Clinical presentation
Typical symptoms include hematuria and voiding symptoms as irritation, dysuria or other obstructive symptoms 2,3. The digital rectal examination might reveal an enlarged and/or hard prostate. Prostate-specific antigen (PSA) should not be elevated 3.
Complications
Prostatic urothelial carcinomas can metastasize to bone, lung or liver. Bony metastases are typically osteolytic.
Pathology
Location
Urothelial carcinomas of the prostate typically originate from the prostatic urethra or the prostatic ducts 3.
Microscopic appearance
Microscopically prostatic urothelial carcinomas are characterized by the following histological features 3:
- tendency to ductal growth
- solid cylinders
- possible central comedo necrosis
- nuclear polymorphism
- frequent mitoses
- stromal invasion with cords nests and desmoplastic response
Immunophenotype
Urothelial carcinomas of the prostate express urothelial cell markers as GATA3, CK7 or P63 on immunohistochemistry stains.
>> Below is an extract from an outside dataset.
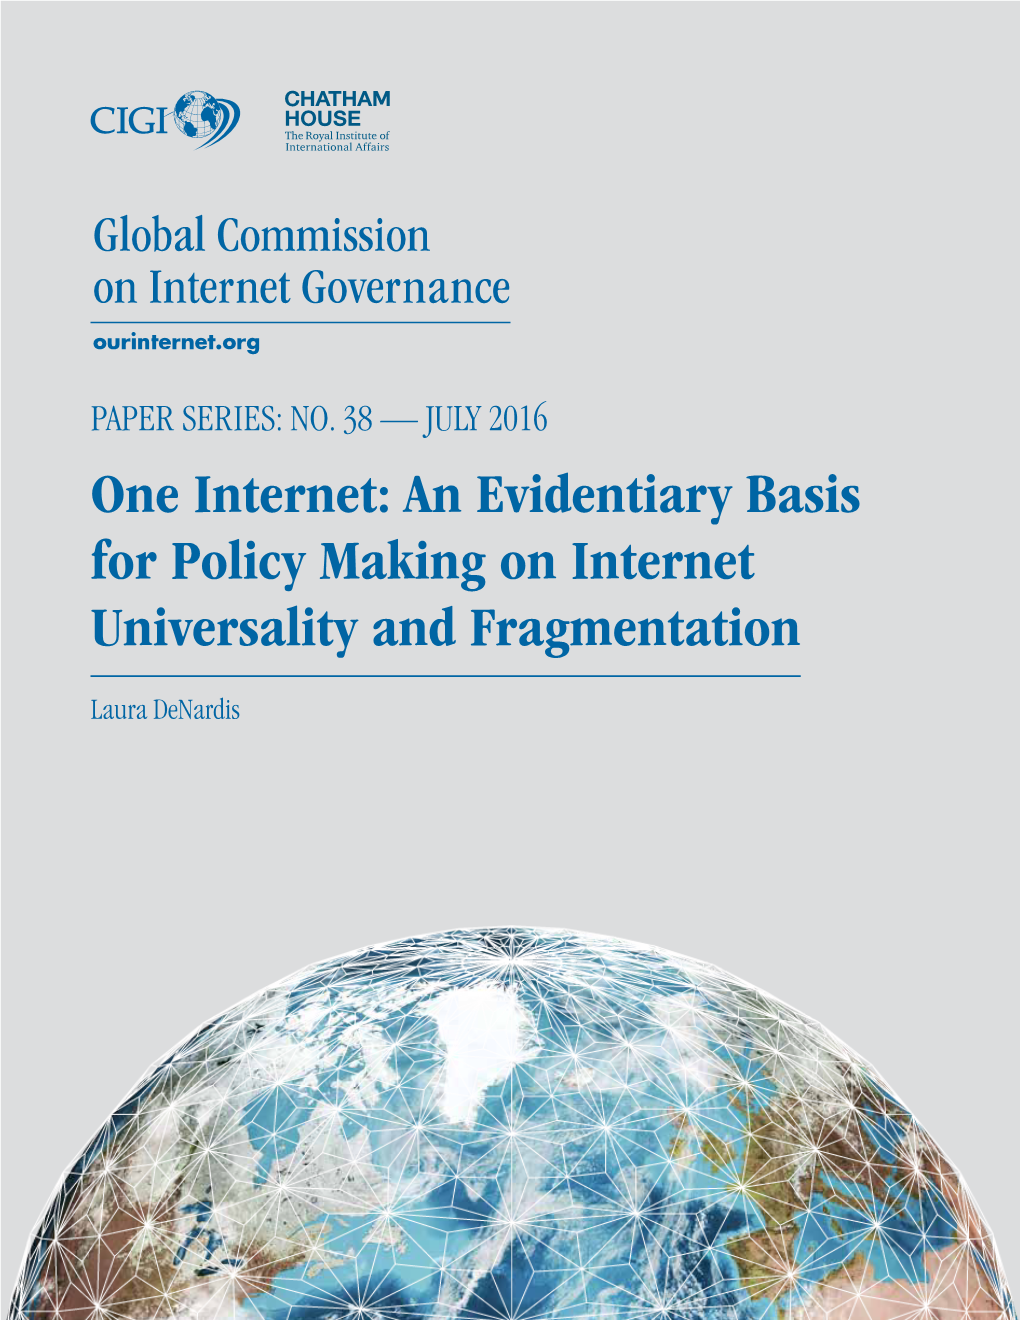 An Evidentiary Basis for Policy Making on Internet Universality and Fragmentation

They should be negative for prostatic cell markers as prostatic-specific antigen or NKX3-1 2,3.
Radiographic features
MRI
Urothelial carcinomas have been described as infiltrative but otherwise uncharacteristic 3.
Signal characteristics
- T2: mildly hyperintense
- DWI: heterogeneously hyperintense on high b-value with moderate low signal intensity on ADC
- DCE (Gd): avid enhancement
Radiology report
The radiological report should include a description of the following features:
- form, location and size
- tumor margins
- bladder or urethral invasion
- suspicious or enlarged lymph nodes
- any concomitant prostate cancer
Treatment and prognosis
Their prognosis is good as long as they occur in isolation as carcinoma in situ 3. If they occur in association with transitional carcinomas of the bladder or urethra their prognosis is poor with an estimated 5-year survival of 35-40% 3. Management strategy is usually multimodal and includes surgery including cystoprostatectomy as well as adjuvant radiotherapy and chemotherapy 3.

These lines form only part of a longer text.